KANAL24, Malang – Ada tiga zona dalam era covid-19 yaitu zona disrupsi, belajar, berkembang/resilien. Isu covid-19 sudah menjadi isu krisis kesehatan, ancaman resesi global, pendidikan, politik, dan sosial.
Hal tersebut dikemukakan Dr. Sumi Lestari S.Psi., M.Si., Rabu (25/11/2020), ketika menjadi pembicara dalam Refleksi Akhir Tahun 2020 “Pandemi dan Relasi: Sebuah diskusi untuk mencapai resiliensi komunitas dalam perspektif Ilmu Sosial” yang diselenggarakan Fakultas Ilmu Sosial dan Ilmu Politik Universitas Brawijaya (FISIP UB) yang diikuti sebanyak 288 peserta secara daring.
Menurut peneliti dan pakar kesehatan mental itu, zona disrupsi tidak terjadi secara bertahap namun perubahan pada era ini lebih menyerupai ledakan gunung merapi yang dapat meluluhlantakan ekosistem lama yang berubah menjadi ekostistem baru.
Momen ketika covid-19 merebak dan pemerintah memberlakukan pembatasan, menurutnya, membuat masyarakat mungkin dilanda ketidakpastian dan membuat keadaan menjadi tidak terkendali. “Hal ini membuat terjadinya disrupsi besar-besaran seperti disrupsi perusahaan, sekolah, dan universitas,” ujar Sumi.
Kondisi dan situasi seperti ini, diyakininya, dapat berpengaruh dalam pola hidup masyarakat sehingga akan memunculkan adanya perubahan pada rutinitas sehari-hari di masyarakat
Resesi katanya, dapat dihadapi dengan self control yang merupakan faktor yang terpenting mengembalikan kondisi mental agar tetap stabil.

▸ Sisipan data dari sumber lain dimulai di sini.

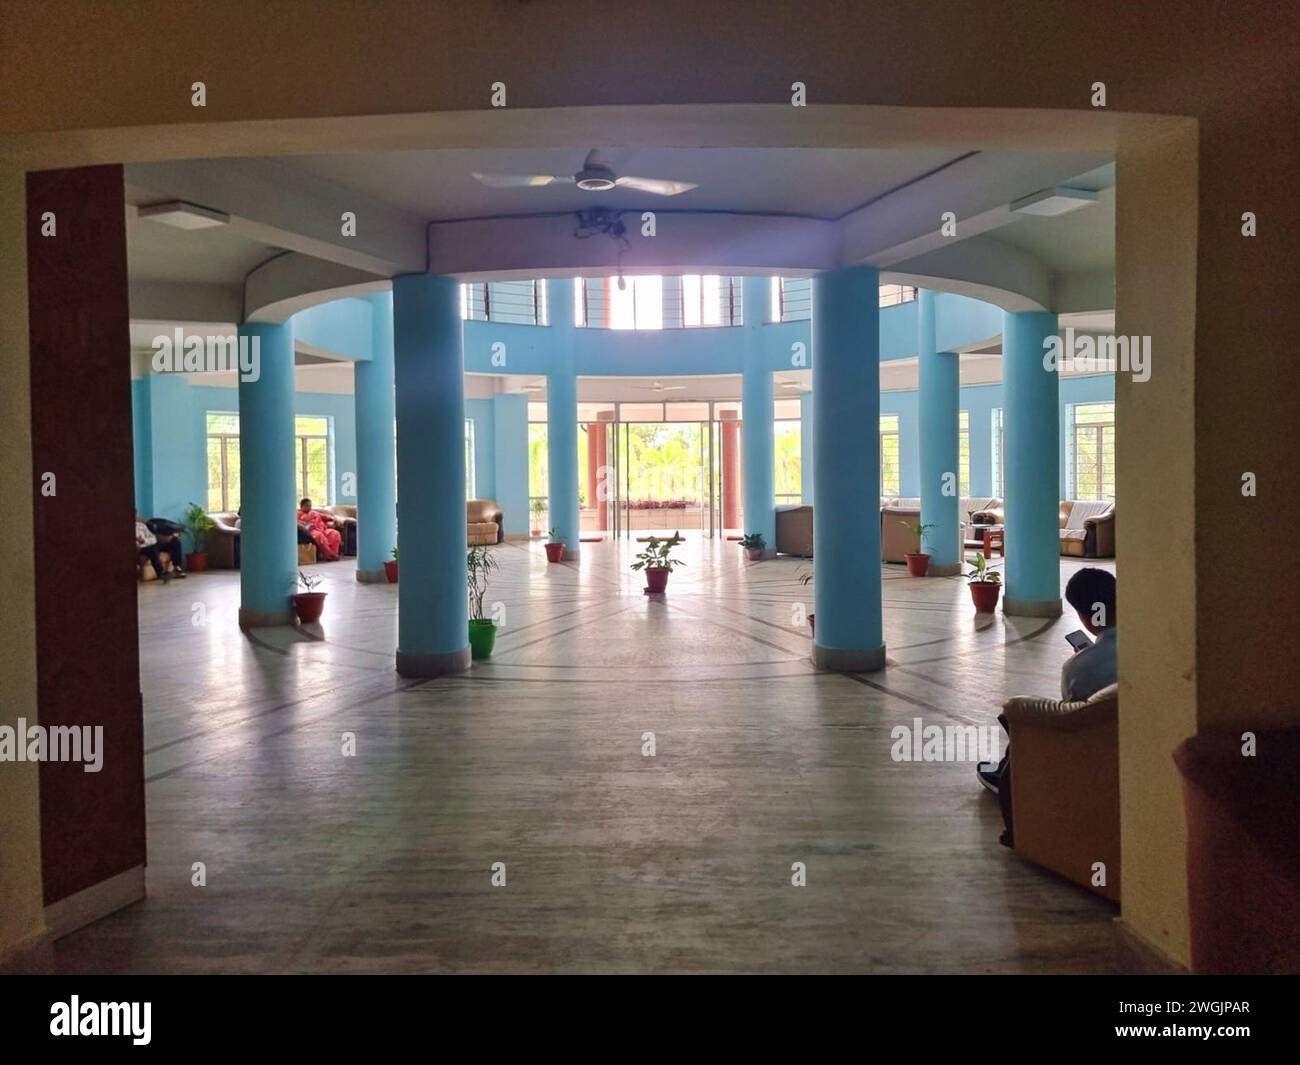 Das blaue Interieur des State Guest House, Agartala, begrüßt Gäste beim Eintritt. Es wurde im Einklang mit der lokalen Architektur entworfen und befindet sich mitten in der Stadt auf einem Hügel mit einem dramatischen Blick auf die Stadt. Agartala ist die Hauptstadt von Tripura, einem Bundesstaat im Nordosten Indiens. Stockfoto

Control sendiri adalah kemampuan menyusun, membimbing, mengatur emosi, dan mengarahkan perilaku yang membawa tindakan kearah yang lebih positif. “Hal yang dapat dilalukan adalah refleksi diri agar seseorang dapat mengambil hikmah pembelajaran,”ujar dosen Psikologi itu.
Sumi menyarankan jika terdapat masalah dapat menceritakan ke orang-orang yang dapat dipercaya. Hal itu dilakukan Agar tidak menyimpan perasaaan negatif sendirian dan dapat menyelesaikan masalah yang dihadapi. Secara psikologis, seseorang menceritakan permasalahannya untuk membantu individu dalam mereduksi tingkat stres, kecemasan, dan keluhan psikologis lainnya.
Ditambahkan Sumi di era pandemi tentu tidak mudah memulai peluang baru, tetapi tidak ada salahnya untuk memulai dari nol misalnya dengan melakukan aktivitas yang menjadi hobi. Selanjutnya hobi tersebut dapat dijadikan sebagai peluang bisnis.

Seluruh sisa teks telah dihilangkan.